SA Olive chairperson Nick Wilkinson explains

04 November 2021 - 10:01
The words 'extra virgin' and 'virgin' denote olive oils that are completely natural and unrefined, according to SA Olive, an association representing the common interests of the local olive industry.
The words 'extra virgin' and 'virgin' denote olive oils that are completely natural and unrefined, according to SA Olive, an association representing the common interests of the local olive industry.
Image: 123RF/rrraven

Our supermarket shelves groan with an eye-wateringly great selection of olive oils proudly made in SA. The question I’m most often asked about them is, “how do you distinguish a good one”?

The answer is simple: look for the SA Olive seal. This is a guarantee that the oil in question is an extra virgin olive oil, which has been 100% locally produced by a maker who is “committed to compliance” in quality olive oil production.

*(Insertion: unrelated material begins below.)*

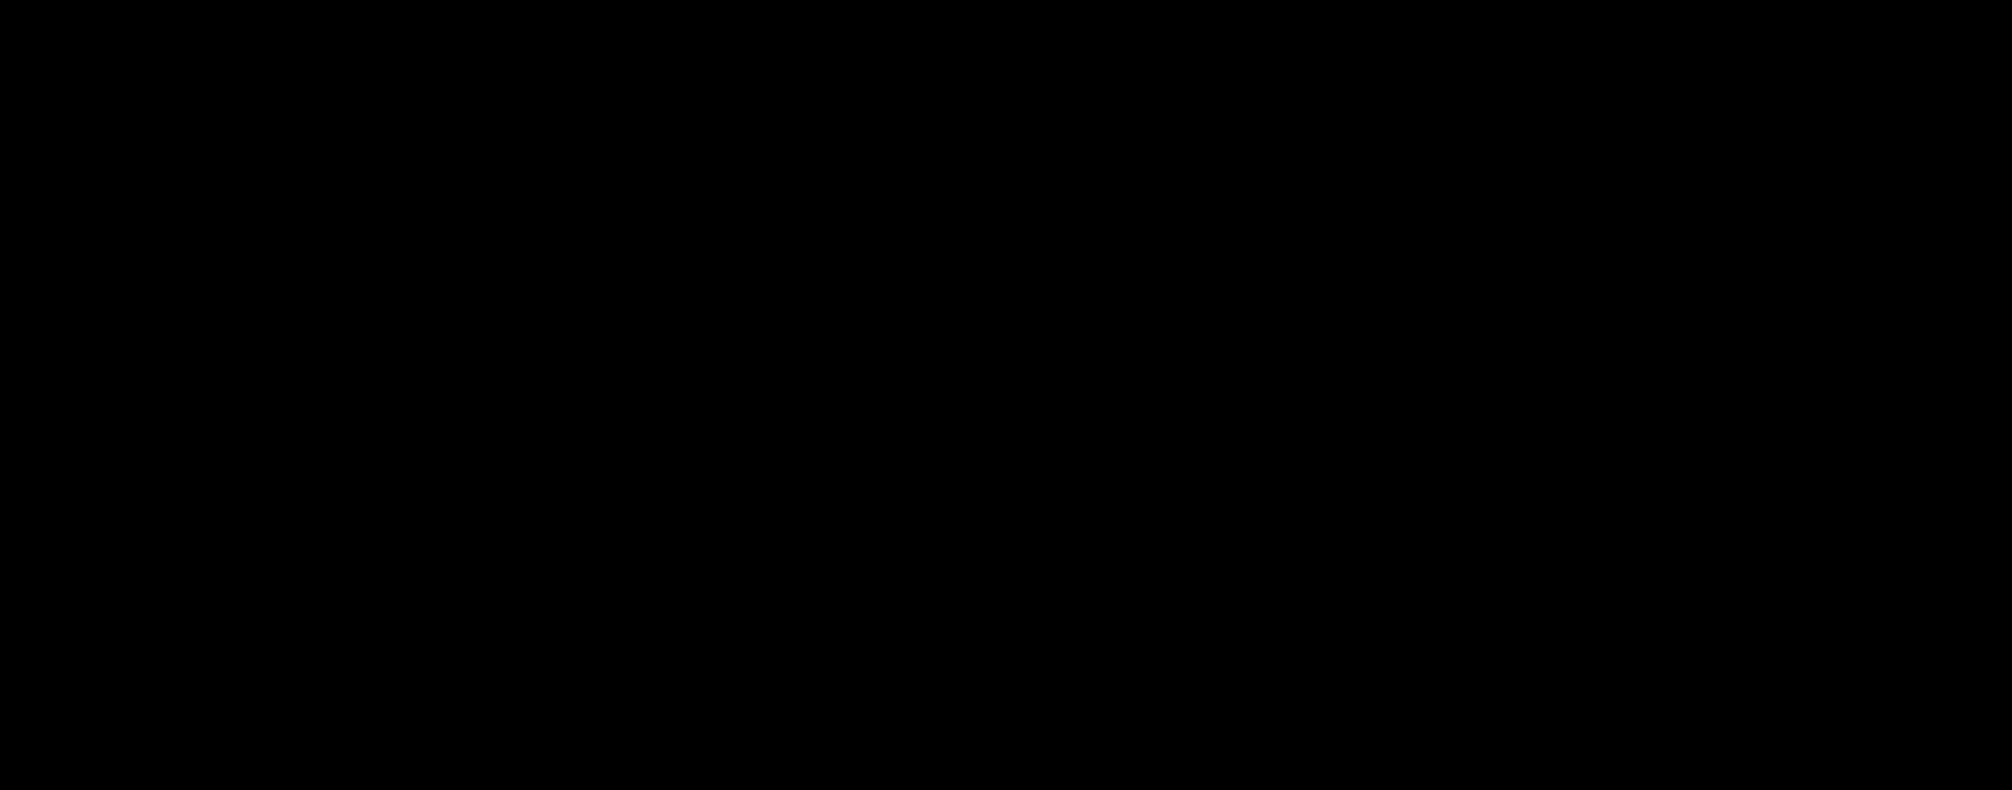 N-Desethyl Sunitinib

Another common query concerns the cost of SA extra virgin olive oils, which tends to be higher than imported ones. I'll admit I’ve always been curious as to why something produced locally comes at a premium price.

“European producers receive subsidies that allow them to keep prices lower while input costs in SA like labour, electricity and fertilisers keep rising,” explained Nick Wilkinson, SA Olive chairperson and owner of Rio Largo Olive Estate, at the recent Absa Top 10 Olive Oil Awards.

Yes, I get it, our government offers no subsidies to producers. And, yes, input costs are rising in SA but this applies to other countries too. As a result this statement is unlikely to win over hard-pressed consumers.

Considering the growth in the industry, I foresee that, with time, there will be a glut of locally-produced olive oils and, rightly or wrongly, depending on whose side you are on, this is what will bring prices down.